The Sask Party, whose colour is the same green as the province’s much-worshipped CFL Roughriders, has proven its stranglehold over provincial politics can easily outlive Wall. This contest was never in doubt; nor was the expectation that whatever Moe promised was bound to become government policy. So it goes in a one-party province.

The stakes were lower in two federal by-elections in Toronto, but the drama ran high on Elections Canada’s live results page. In Bill Morneau’s old downtown riding of Toronto Centre, former CTV broadcaster Marci Ien scored a semi-comfortable win. But Green party leader Annamie Paul, who captured only 7 per cent of the riding’s vote in 2019, vaulted into second with nearly one-third of the vote. Her gain was everybody else’s loss. The Liberals, New Democrats and Conservatives all shed votes to Paul.

A truly nail-biting contest went down in the city’s north end, where Liberal candidate Ya’ara Saks hoped to retain the York Centre riding after Michael Levitt‘s retirement earlier this year. With most of the ballots counted, Saks appeared to have the edge over Tory candidate Julius Tiangson, leading by about 700 votes with 99 per cent of polls reporting.
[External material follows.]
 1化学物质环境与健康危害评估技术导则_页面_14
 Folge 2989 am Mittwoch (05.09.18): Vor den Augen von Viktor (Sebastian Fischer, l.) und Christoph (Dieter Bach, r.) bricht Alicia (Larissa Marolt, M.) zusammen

Those last polls were very strong for Saks, because the margin had earlier dropped to just a single vote—a football rouge—for a brief moment.

Max Bernier, the People’s Party leader attempting another run for Parliament, failed to generate almost any momentum in suburban Toronto. But Bernier did appear to siphon almost enough votes from Tiangson—about 3.6 per cent—to allow Saks to run up the middle for the victory.

A footnote worth noting: John Turmel, whose nickname is “The Engineer,” was also on the ballot in York Centre. The perennial candidate who claims to run “the world’s oldest blog” lost his 101st election last night, a streak stretching back to 1979. He holds the world record in that department.